Tržić Tounjski is a village in Croatia, under the Tounj municipality, in Karlovac County.

==History==
Beginning on 19 June 1942, the Battle of Tržić took place between Kamenica and Tržić Tounjski. An army of Partisans of the Second Kordun Detachment carried out an attack from Tobolić with 700, Popovići by the Vrelo Mrežnice and Perjasica with 500, and Drežnica with 250, on the pontoon bridge across the Mrežnica by Juzbašići, with the goal of destroying the bridge and disarming the Croatian forces in Tržić. The bridge was guarded by the 3rd Regiment of the Second Domobran Division.

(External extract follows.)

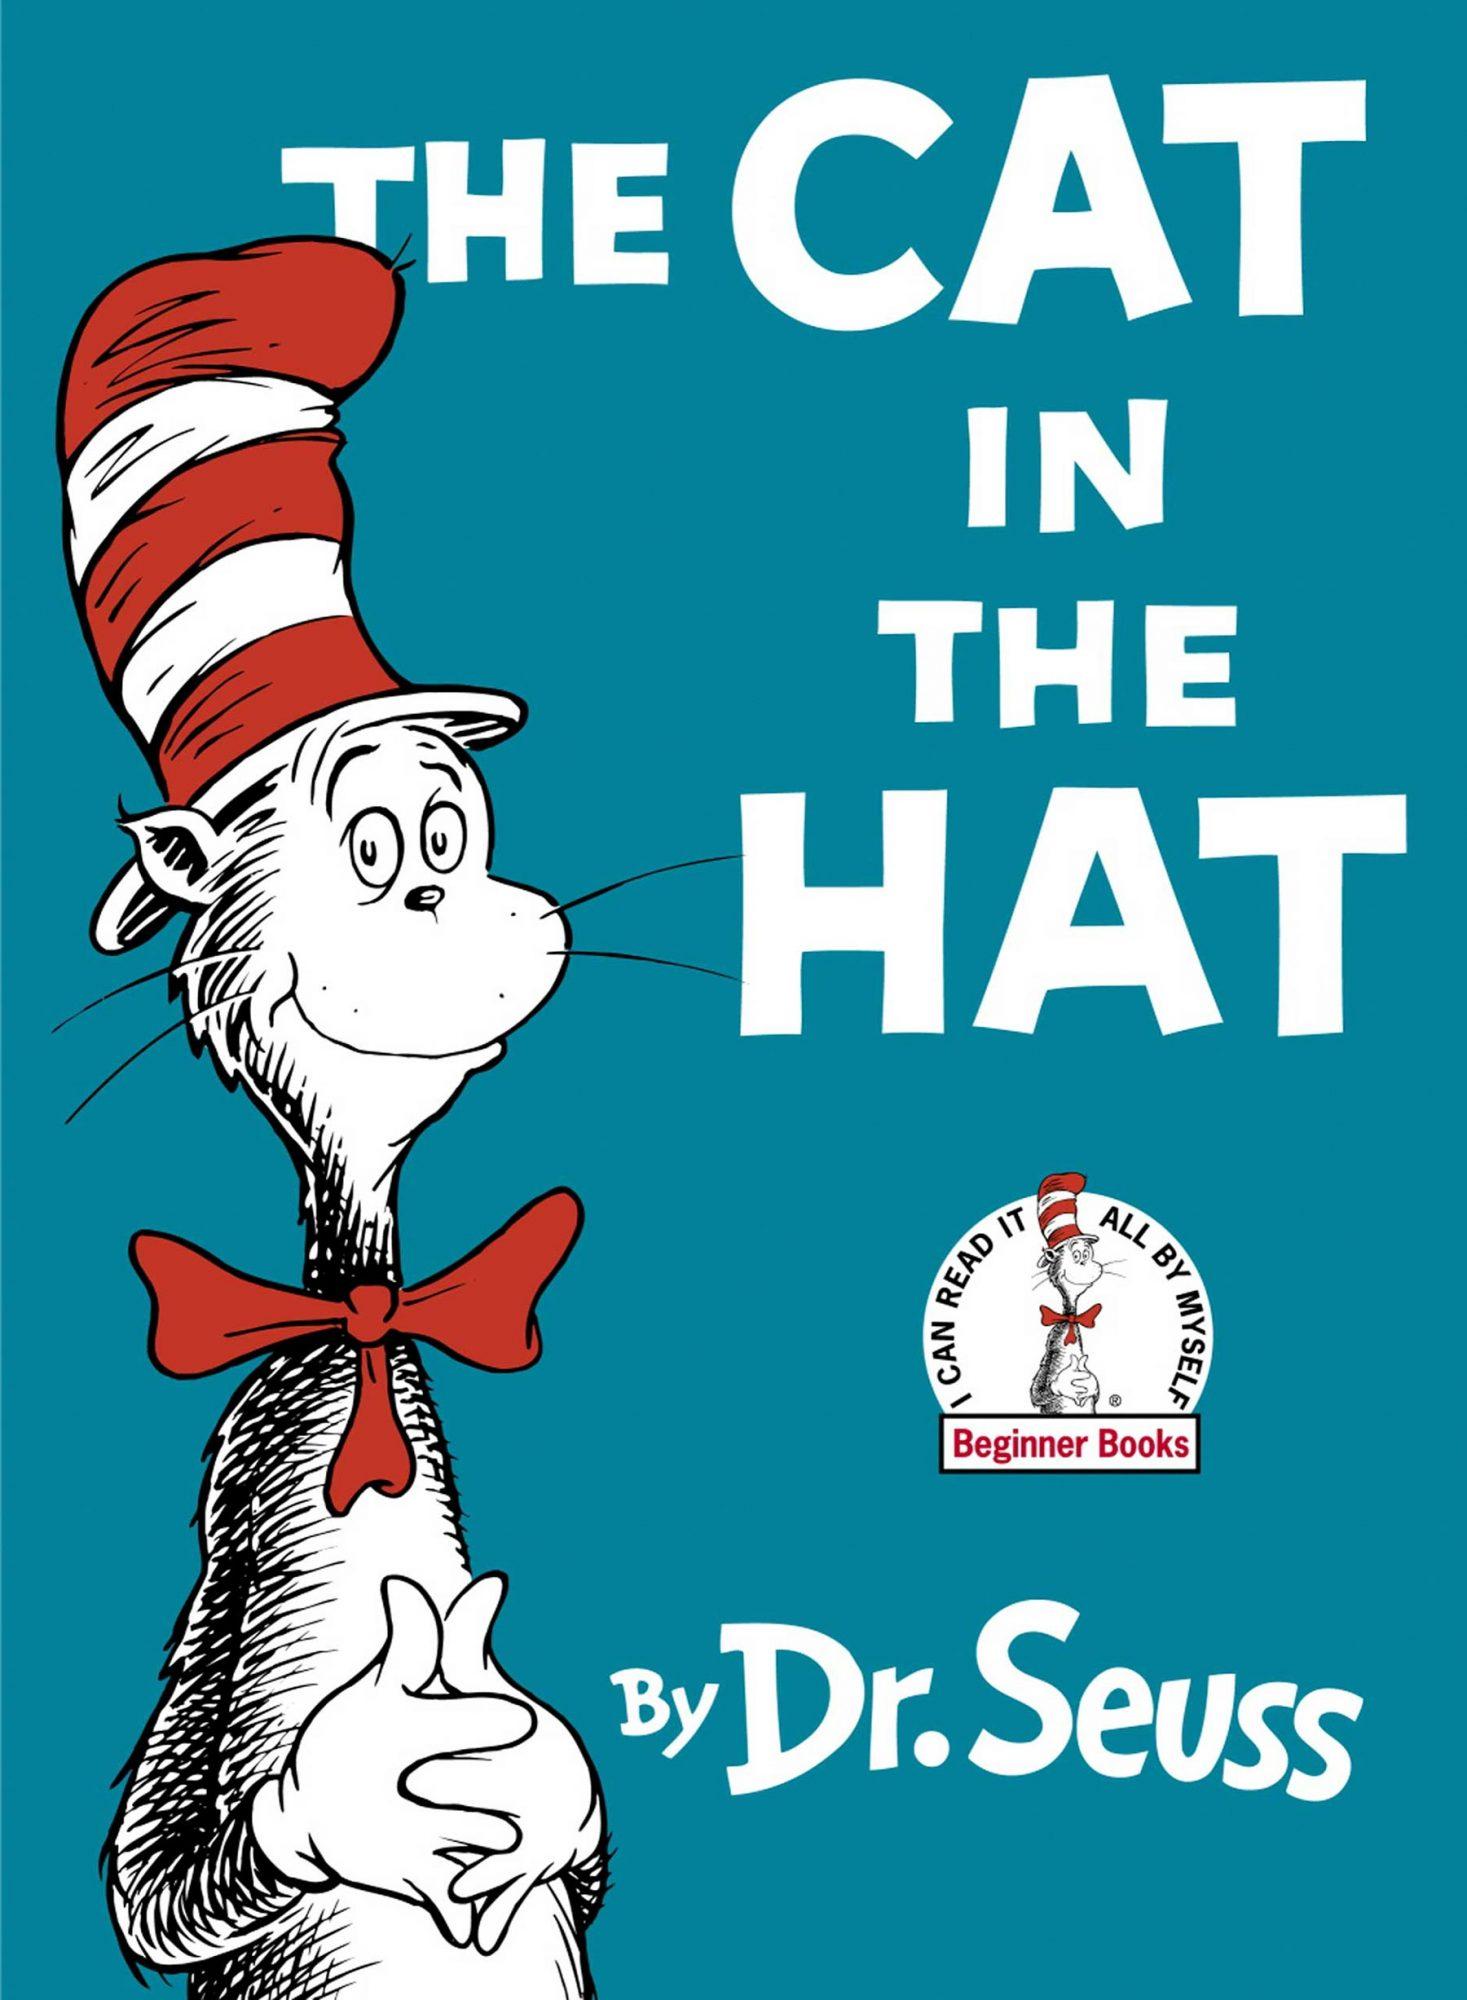 The Cat in the Hat Dr. Seuss Bookcover CR: Random House Children's Books

Croatia called in reinforcements from Karlovac, which failed to penetrate to Juzbašići. Battles continued with 6 waves of Domobran attacks until the 23rd, when the Partisan army took Tržić and disarmed their opponents, taking captives and transporting them to Tobolić, including Ivan Stipac, Domobran commander in Ogulin. Across the river, the Domobrani of Primišlje retreated to Slunj. After Tržić was taken, the Partisans dismantled the pontoon bridge and destroyed the railway bridge (under repair at the time). The village was completely burned. Because the area was in Zone III, the Italians could only offer artillery support, which they did while the Partisans took Kamenica.

==Bibliography==
- Trgo, Fabijan (1964). "Zbornik dokumenata i podataka o Narodno-oslobodilačkom ratu Jugoslovenskih naroda"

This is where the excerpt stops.